According to Wikipedia, The first real commercial atomizing airbrush was presented at the World's Columbian Exposition (World's Fair)  in Chicago in 1893. Hey, cool! Also, the same World's Fair was the scene of the world's first serial murderer, as described in Devil in the White City, (which is an okay book - equal parts interesting history lesson, tedious history lesson, and tedious procedural crime drama.)

Lots of Art Deco flat art utilized the airbrush. Deco is typified by dramatic color, minimalist design, stark silhouettes and clean lines, which lend themselves very well to the cut-stencil technique involved in airbrushing.

In this factory scene, we see a load of scrap metal being loaded into a rail car on a magnetic crane. Clouds of backlit smoke supply your standard deco drama. Silhouettes of smokestacks and factory windows were obviously sprayed over an adhesive stencil, or "frisket", cut with an X-Acto knife. Climax is trumpeting the benefits of molybdenum steel, as opposed to ordinary mild steel, for structural engineering. Moly steel is stronger, is less effected by heat, and less prone to failure. Climax's angle is that it's more expensive to replace a part than to make it stronger the first time. Fair enough.

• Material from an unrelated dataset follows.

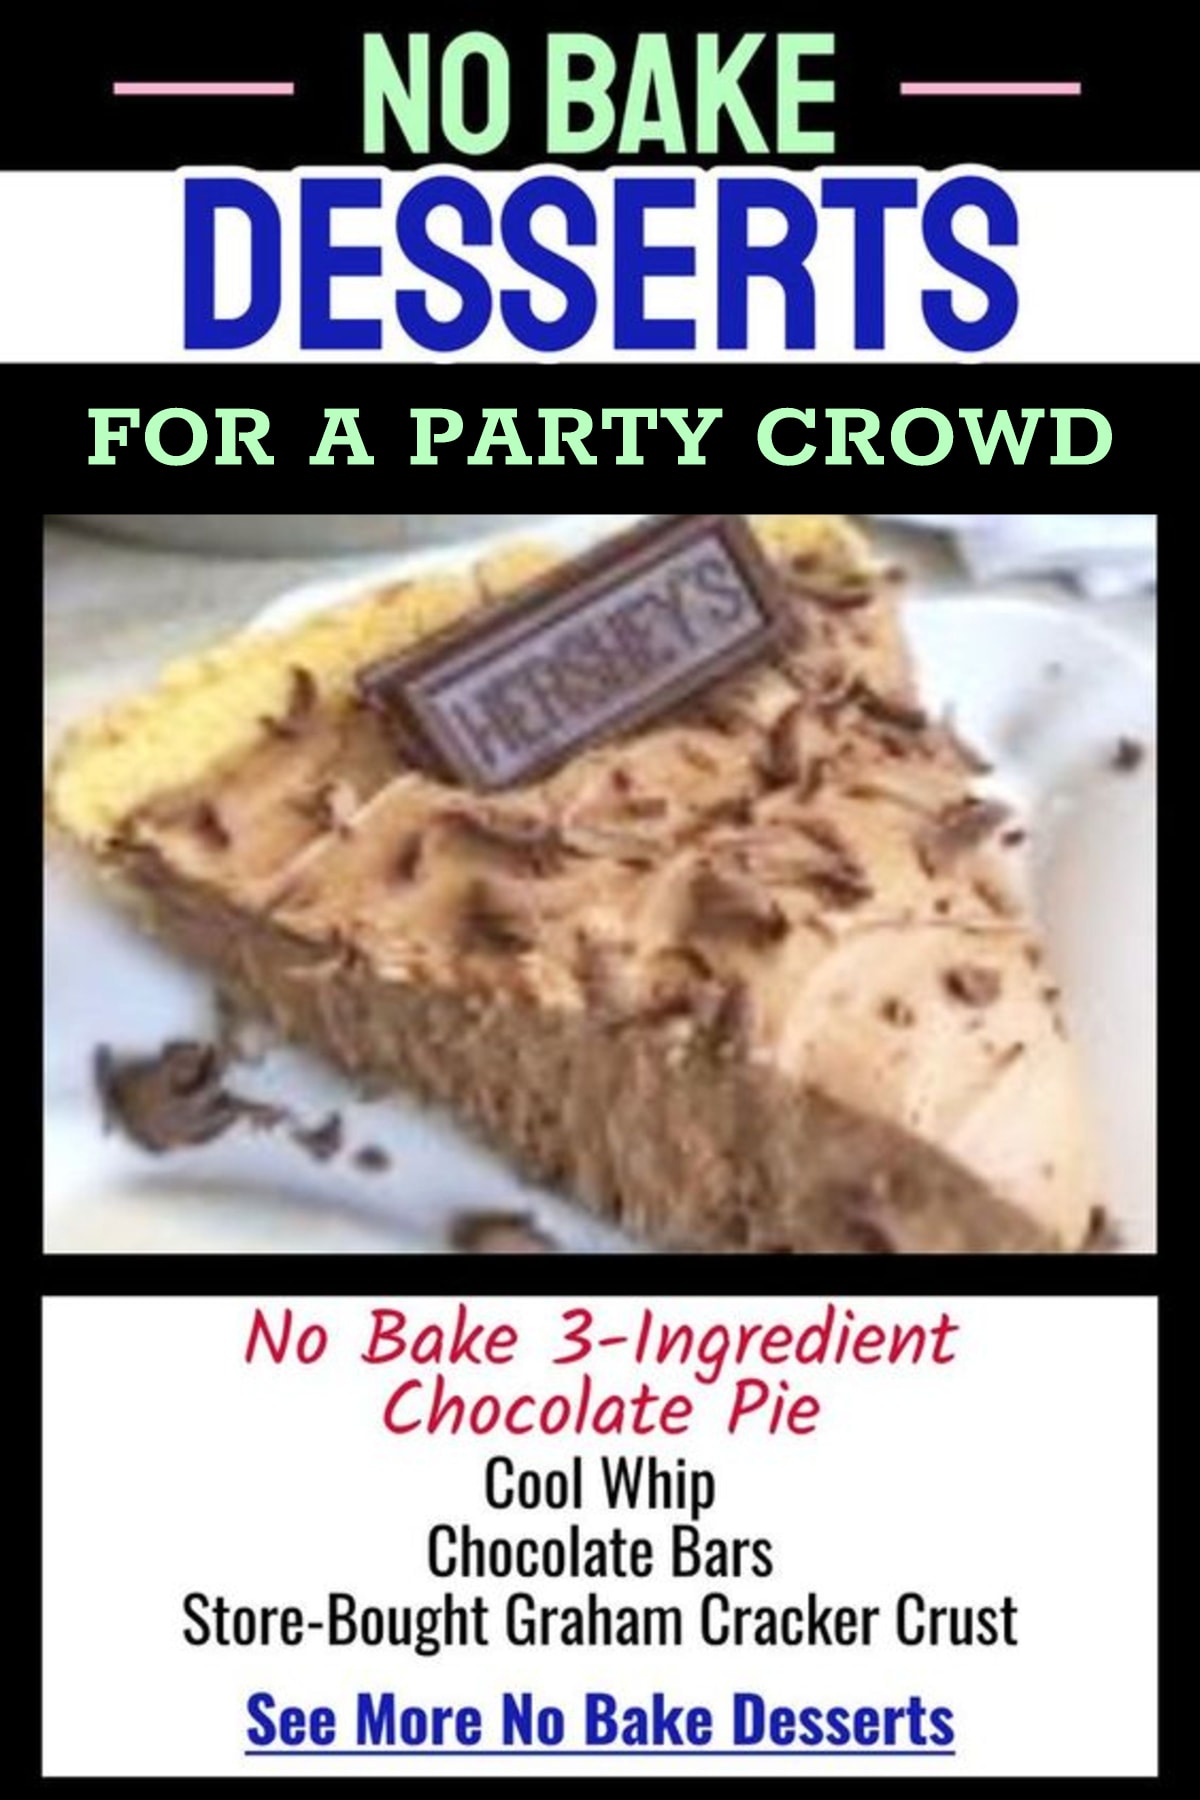 large batch no bake party desserts perfect for a potluck at work, church, block party or family reunion

I learned to say "molybdenum" around the age of ten when my dad bought me a second hand Team Mongoose BMX frame, and built me my first good bike. The frame was "chromoly", which is an alloy of chromium, molybdenum, and good old steel. It made for a lighter, stronger frame. Chromoly is still used for things like roll cages in racing cars and, believe it or not, bike frames. Large bike manufacturers have moved on to aluminum and carbon fiber, but there are still small boutique bike manufacturers that do incredible things with steel (chromoly is still a type of steel) like Surly and Salsa. In the hands of a really good fabricator, chromoly steel can be as light and agile as aluminum without the harshness that comes with a typical ALU frame. When aluminum flexes, it suffers, and eventually will break. It's best to keep aluminum from flexing. But steel can be made into a spring, with clever tempering. A steel frame can be designed to absorb rough vibration without transmitting it to the rider, but an aluminum bike frame built strong enough to last will have to be thick enough to be harsh.

Anyway, please enjoy our special crop of this deco factory scene for your next CD cover, if you still use those things. We present it in slightly-higher-than-normal 2400px size, unpolluted by our watermark, for your delight. You're welcome.

Click for extra big.

Click for big.


Anonymous said...

I have to say, I believe there can never be enough Art Deco works in the pages of P.A.G.! One of the coolest art forms ever. Kudos! to Phil & the AreGo Team!


PhilAreGo@gmail.com said...

I hear ya, Misterfancyhotballs_2. Unlike nouveau, or almost everything from 1972, the minimalism and classiness of deco wears pretty well on the eye. I'll never get tired of it. Thanks for reaindg!